Putting aside the merits of DOJ’s legal position, the timing of DOJ’s intervention raises significant questions. Federal law requires federal employees to notify their supervisors, who must then notify DOJ, “promptly” of any suits regarding acts or omissions taken within the scope of their employment. In this case, DOJ did not intervene until the parties had engaged in substantial motion practice and were poised to begin discovery. DOJ’s pleadings do not explain why it did not intervene until this moment in the case, though the political benefits to the President are obvious.

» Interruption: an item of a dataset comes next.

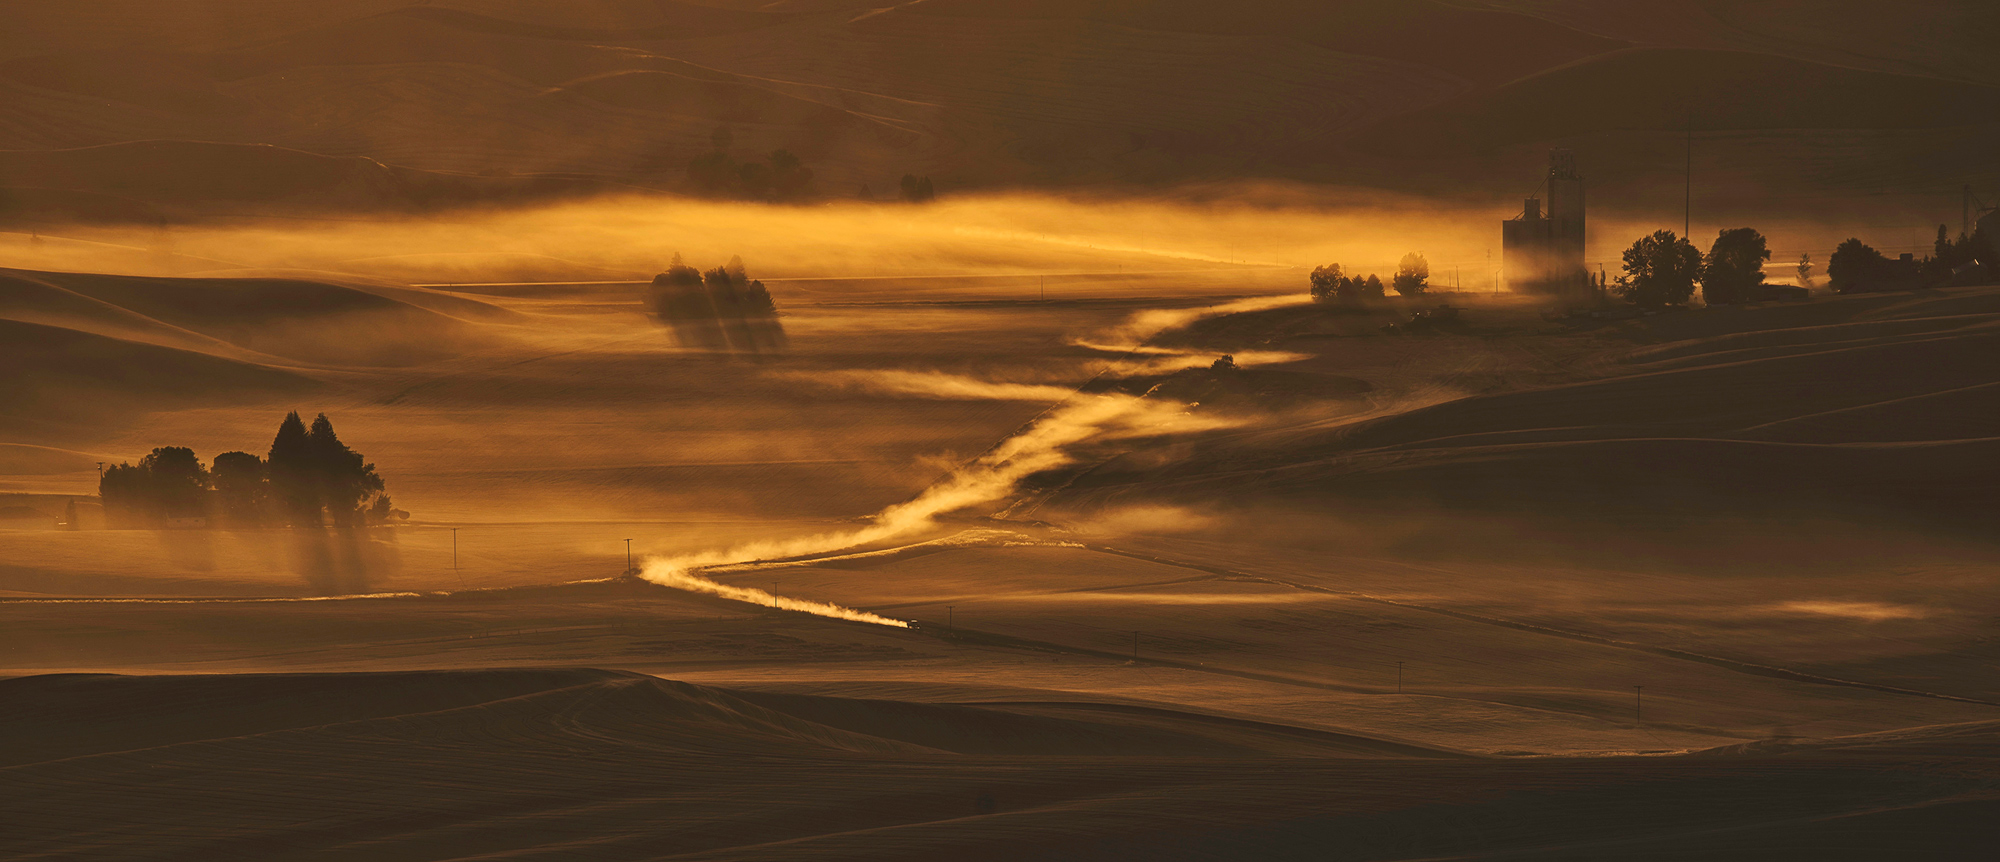 The ride home, dust trail, Palouse, 400mm lens in the Palouse

DOJ’s decision to intervene in the lawsuit within weeks of the election also seems at cross-purposes with its policies against election interference. DOJ has long recognized that the exercise of prosecutorial powers can influence elections, and has put in place rules to avoid such interference. Beginning in 2008, DOJ advised all employees that:
[P]olitics must play no role in the decisions of federal investigators or prosecutors . . . . Law enforcement officers and prosecutors may never select the timing of investigative steps or criminal charges for the purpose of affecting any election, or for the purpose of giving an advantage or disadvantage to any candidate or political party. Such a purpose is inconsistent with the Department’s mission . . .
Similarly, in your Feb. 5, 2020, memorandum, you noted that “the Department has long recognized that it must exercise particular care regarding sensitive investigations and prosecutions that relate to political candidates, campaigns, and other politically sensitive individuals and organizations—especially in an election year.”
It does not appear that DOJ exercised similar care in deciding when and whether to intervene in this case. Even though this matter is not a criminal prosecution, it undoubtedly has the possibility of affecting an election. Had procedures for prompt notification of this suit been followed, any legal questions raised by the Department’s actions could have been resolved long before the election. DOJ’s decision to intervene now creates the appearance that DOJ is participating in partisan politics.
The FTCA should not be used to shield the President from embarrassing revelations. As Congress conducts oversight and considers legislation related to political interference with DOJ and by DOJ, I request that you explain the timing of and circumstance behind DOJ’s intervention in this case: specifically, how that decision is consistent with DOJ regulations governing the FTCA and actions taken by DOJ related to elected officials in the lead up to an election. Please also consider this letter formal notification of your obligation to identify, collect, and preserve any records identified in Appendix. These documents may be relevant to any further inquiries related to the issues raised in this letter.